Insights
Jackie O asks for 'mussed up' hair on Kennedy half dollar
- Published: Jul 21, 2014, 7 AM
Editor’s note: In his August monthly Coin World cover feature, Gerald Tebben looks back at the story of the John F. Kennedy half dollar as the numismatic community celebrates the coin's 50th anniversary. This is one of a series of articles from this feature that will appear online at CoinWorld.com.
Make sure you read other posts in the series:
- John F. Kennedy half dollar a coin born from tragedy
- U.S. Senator 'shed a few tears' for Benjamin Franklin before Kennedy half dollar approval
- Collecting the nearly 190 coins that make up complete Kennedy half dollar set a fun challenge
- Artist’s ‘signature,’ or Communist symbol on Kennedy half dollar?

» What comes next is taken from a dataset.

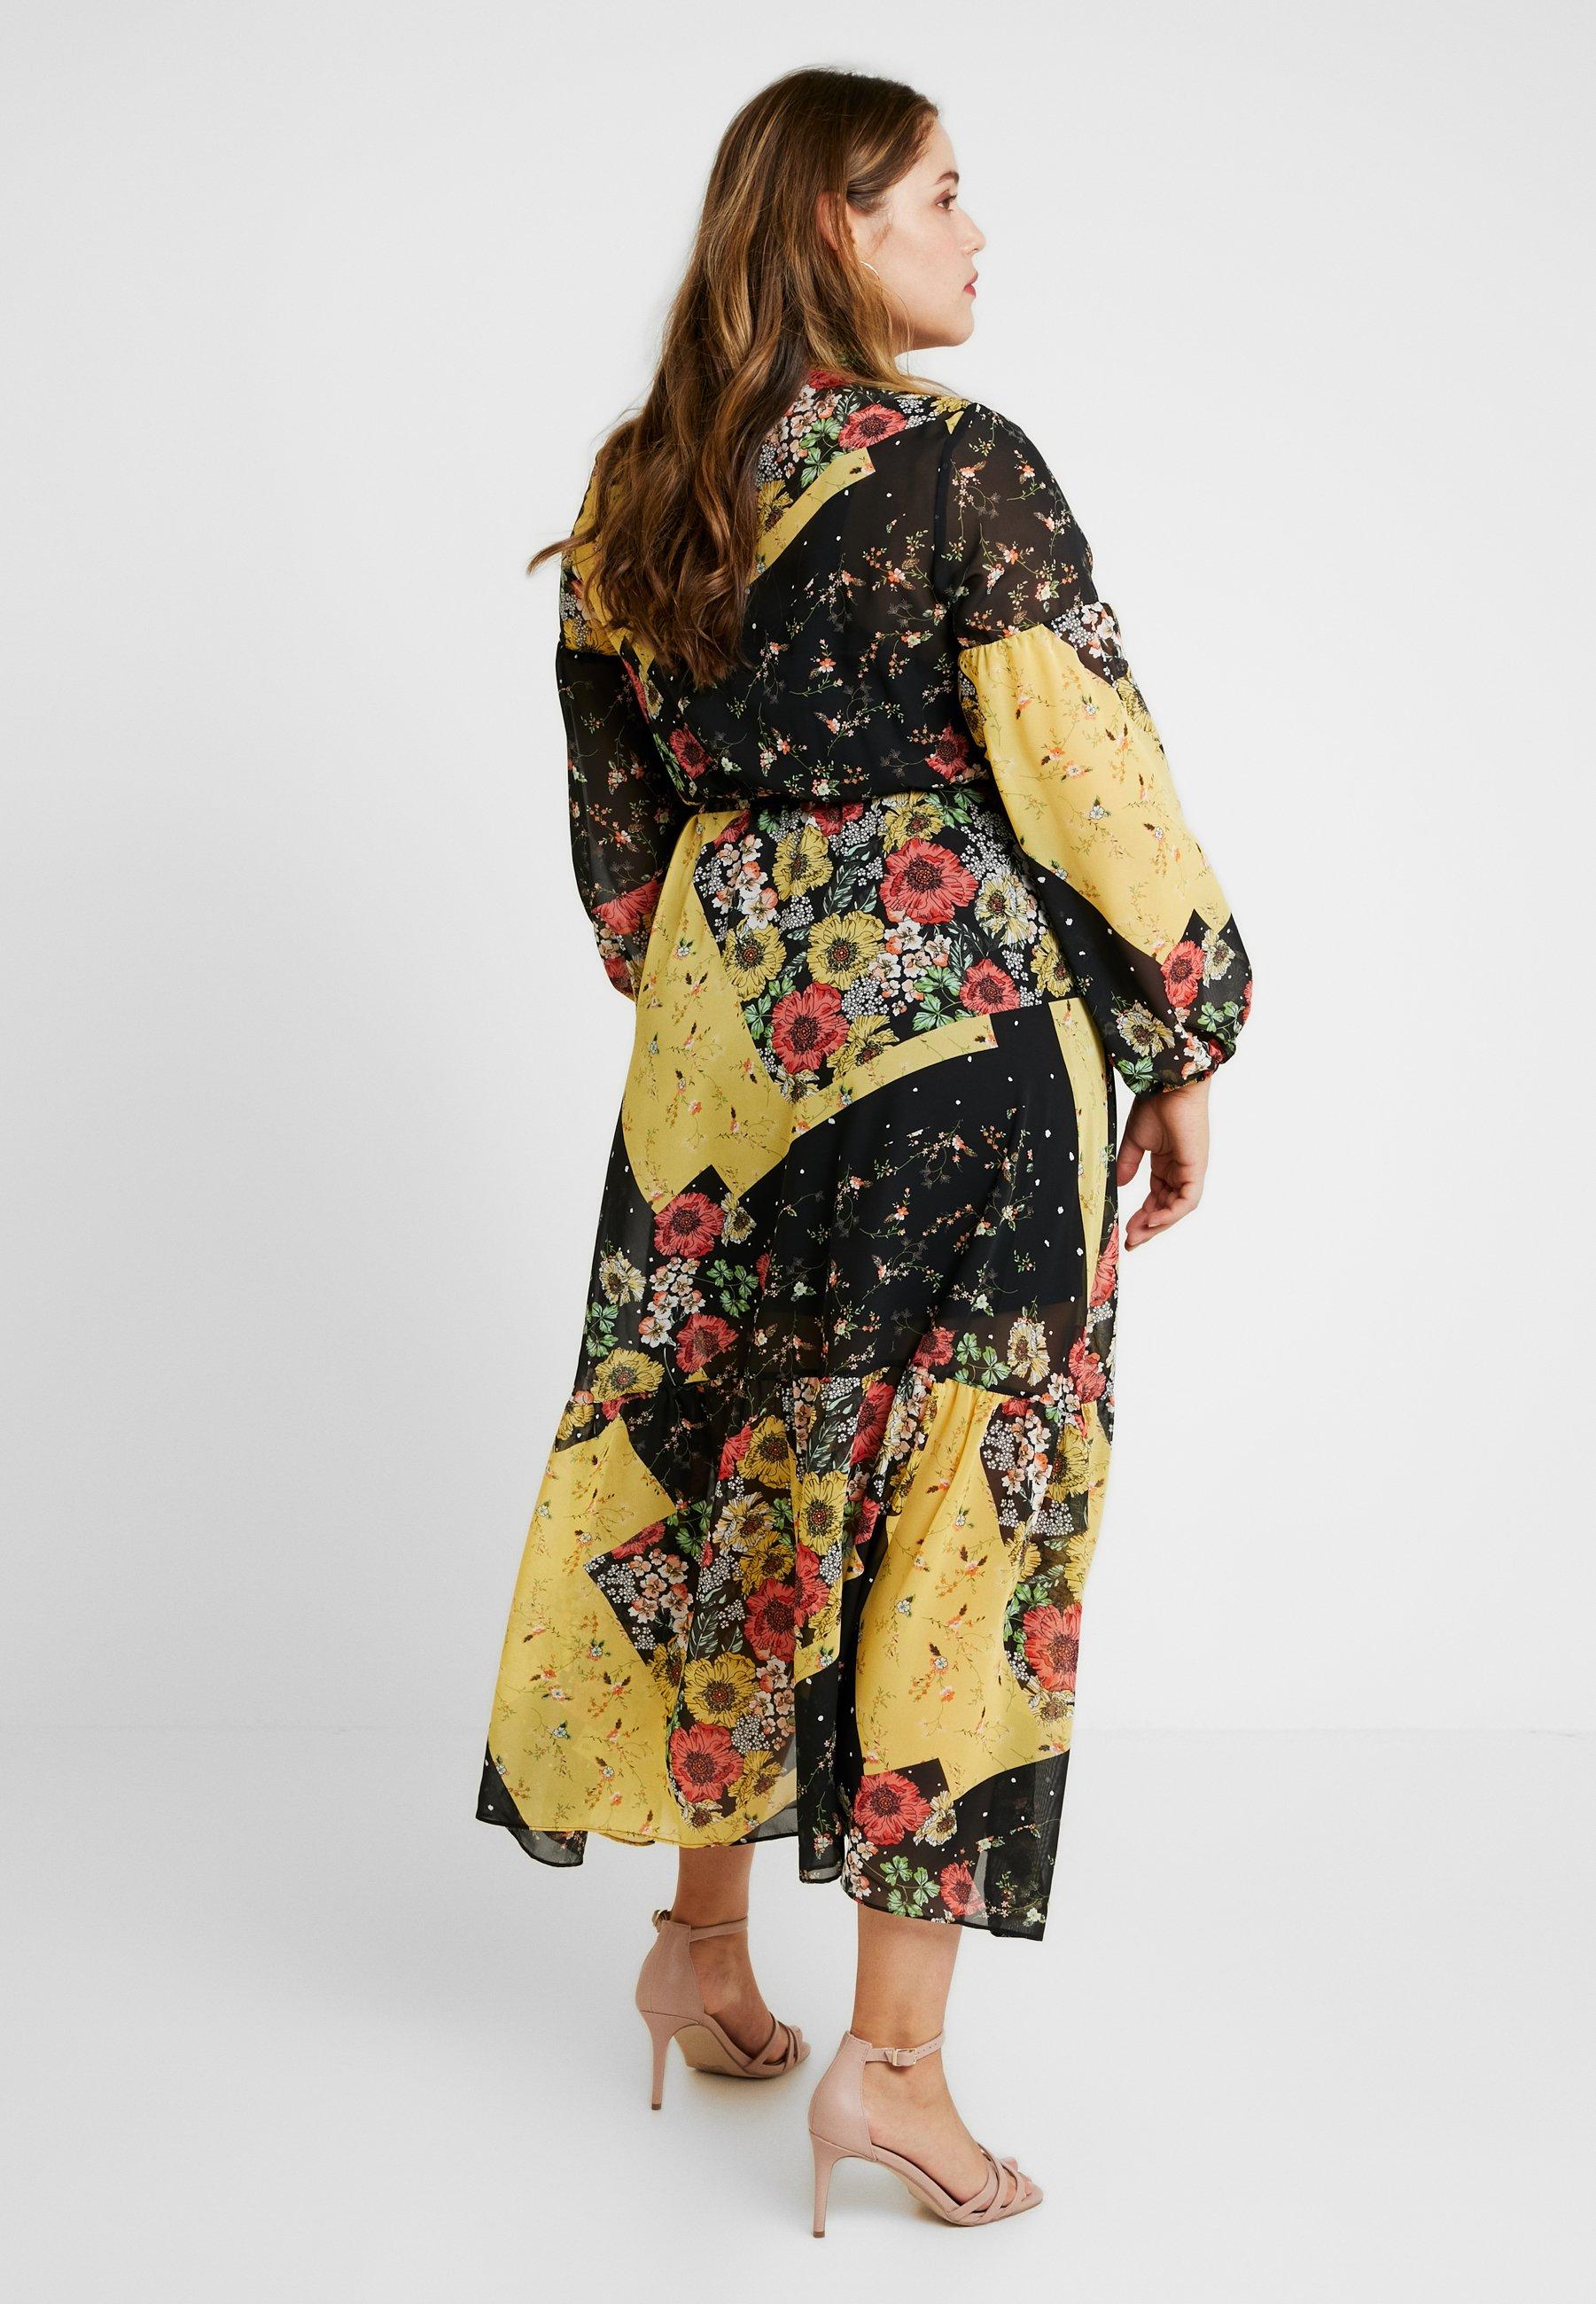 DressRobe Longue Simply Be Peasant Patchwork uTJ3Klc15F
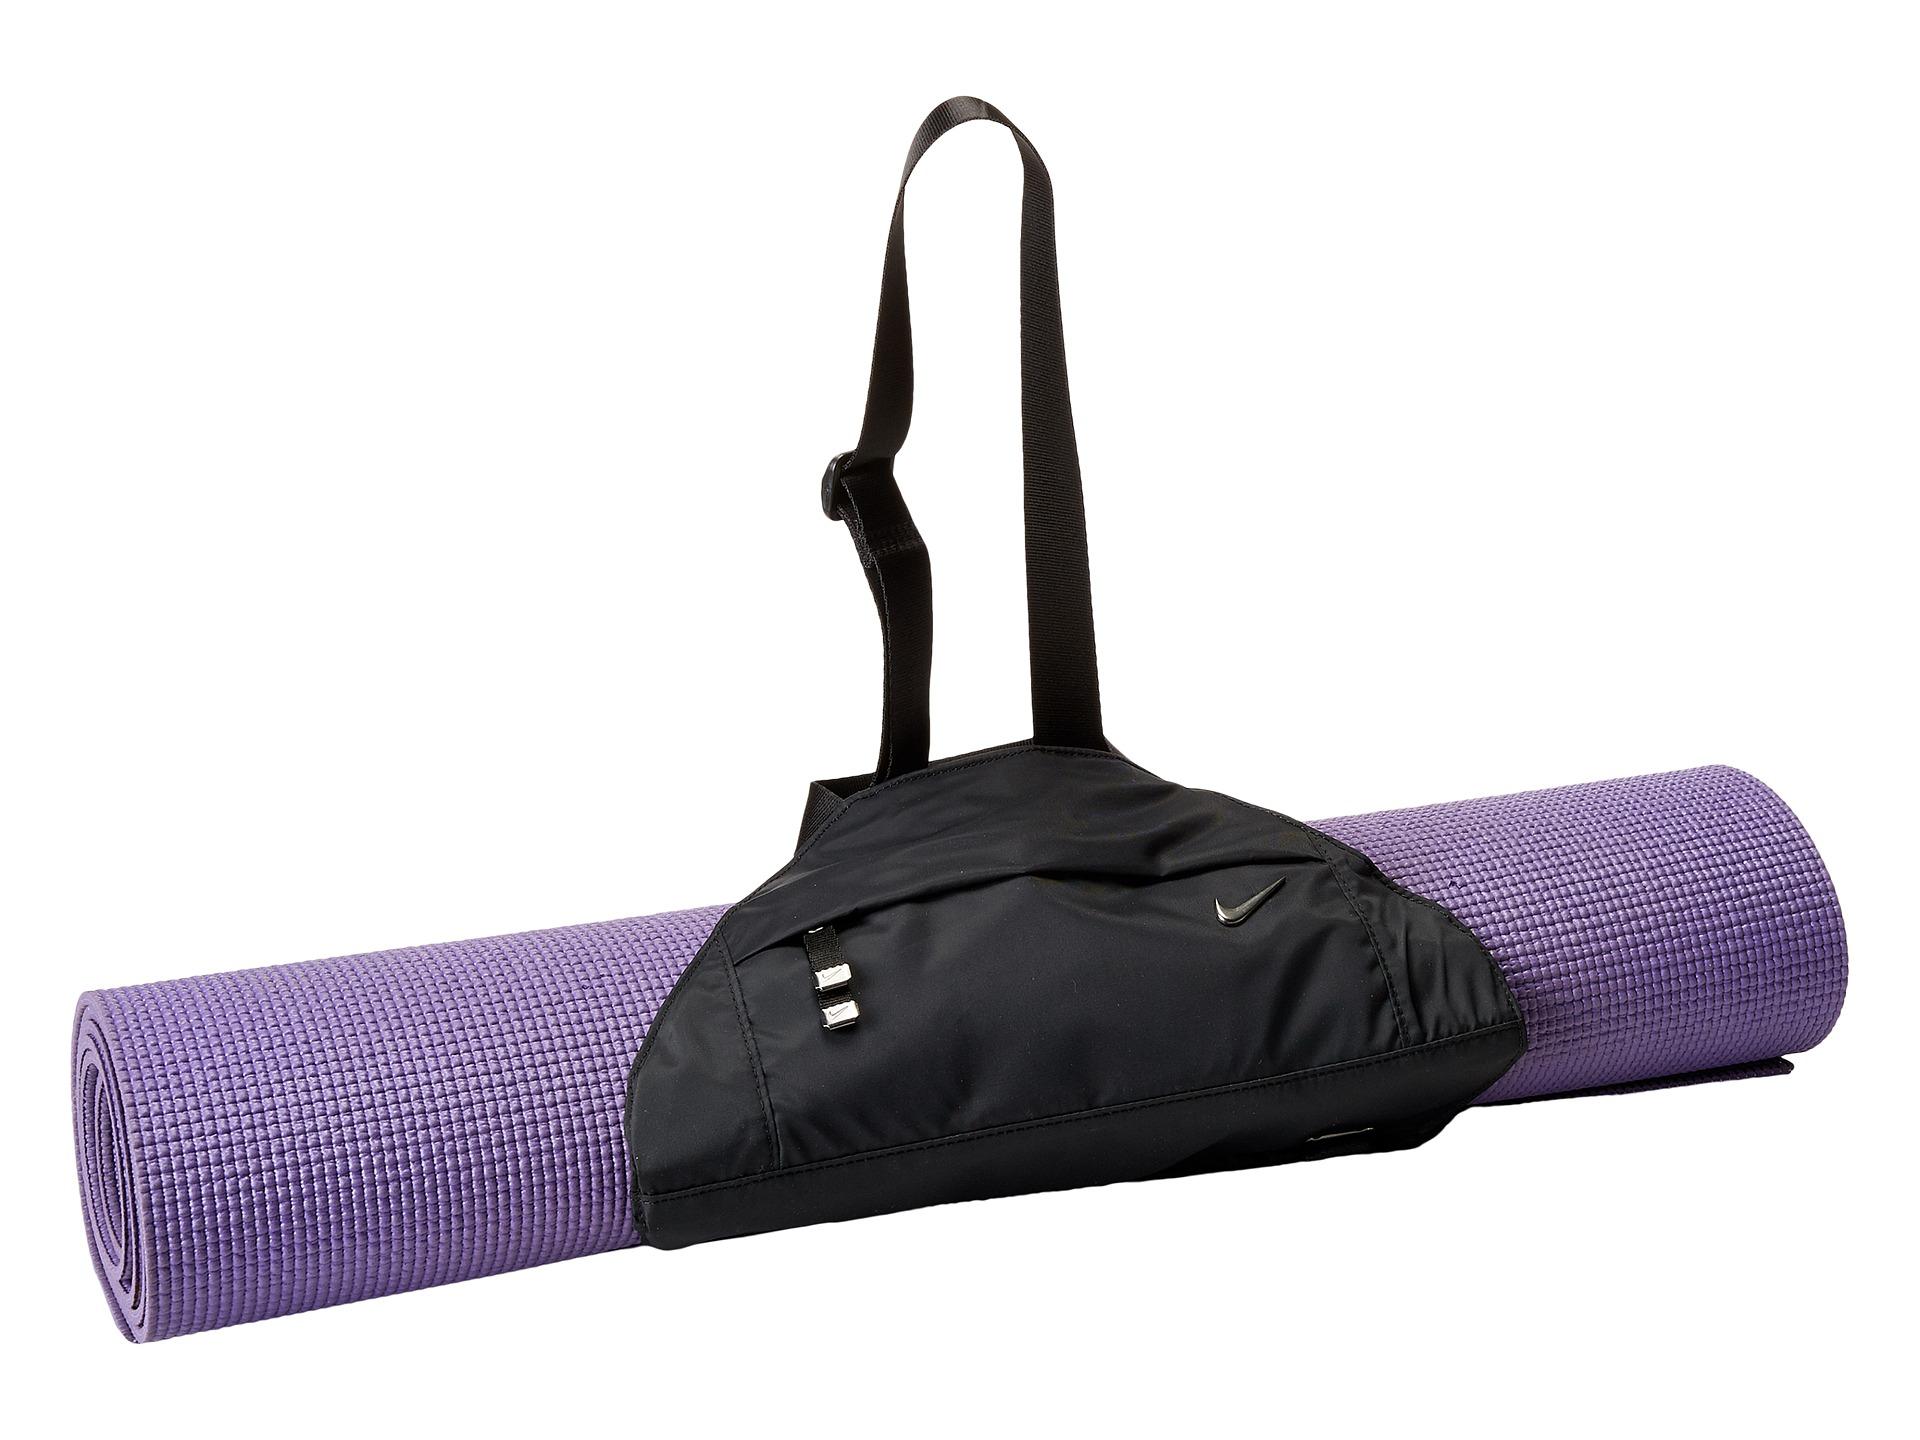 07e134103e Lyst - Nike Victory Yoga Sling in Black

- Where were you when the Kennedy half dollar was released?
- Kennedy half dollar's 1964 release fueled the hot hobby of numismatics
- What would a Kennedy half dollar get you when it was first released in 1964?
Government approves coin
On Dec. 10, 1963, President Lyndon Johnson asked Congress to authorize the new Kennedy coin. The Associated Press reported, “If approved quickly, present plans are to have the coin in circulation early next year.
“The design — to be taken from a ‘presidential series medal’ now being produced in Philadelphia — is already in existence and little cost or delay would be entailed in making new dies, the White House said.”
The cost was estimated at $1,000. The bill quickly and nearly unanimously passed both houses of Congress. “Few House members, however, were willing to risk a vote at this time against anything carrying the Kennedy name.” Elston G. Bradfield reported in The Numismatist. Johnson signed the bill Dec. 30.
Mint officials, however, did not wait for formal approval of the legislation to make the necessary hub and die tooling, and start producing test strikes of the 1964 coins even before the bill became law. In his report to Adams on April 29, Gasparro wrote, “At 9 a.m. on Dec. 13th we struck our first trial (pattern) pieces.” That same day he flew to Washington to deliver the coins to Adams who, in turn, sent them to Treasury Secretary Douglas Dillon and President Johnson.
On Dec. 17, Roberts showed a prototype of the coin to the president’s widow. He told interviewer David Lisot in a videotaped American Numismatic Association Numismatic Profile in 1991, “They wanted Mrs. Kennedy to see — this is the portrait that is on the half dollar. And I had emphasized the part in his hair.
“He had a great shock of hair as you recall, and most artists, when they did a Kennedy portrait, they made a lot of this shock of hair, thinking that’s going to help them to make it look like Kennedy, you know. Well, they were right, but they had a tendency to overemphasize this part in his hair. And Mrs. Kennedy looked at the coin, and she said, ‘Could you muss up his hair a little bit?’
“All right, I thought, that was a wonderful criticism. She was a bit of an artist herself, and I think that aspect of the likeness was the first thought in her mind. It was very helpful, so I mussed up his hair and sort of half hid the part, made it less obvious, which helped. It was good criticism so I thanked her, too, for that helpful hint.”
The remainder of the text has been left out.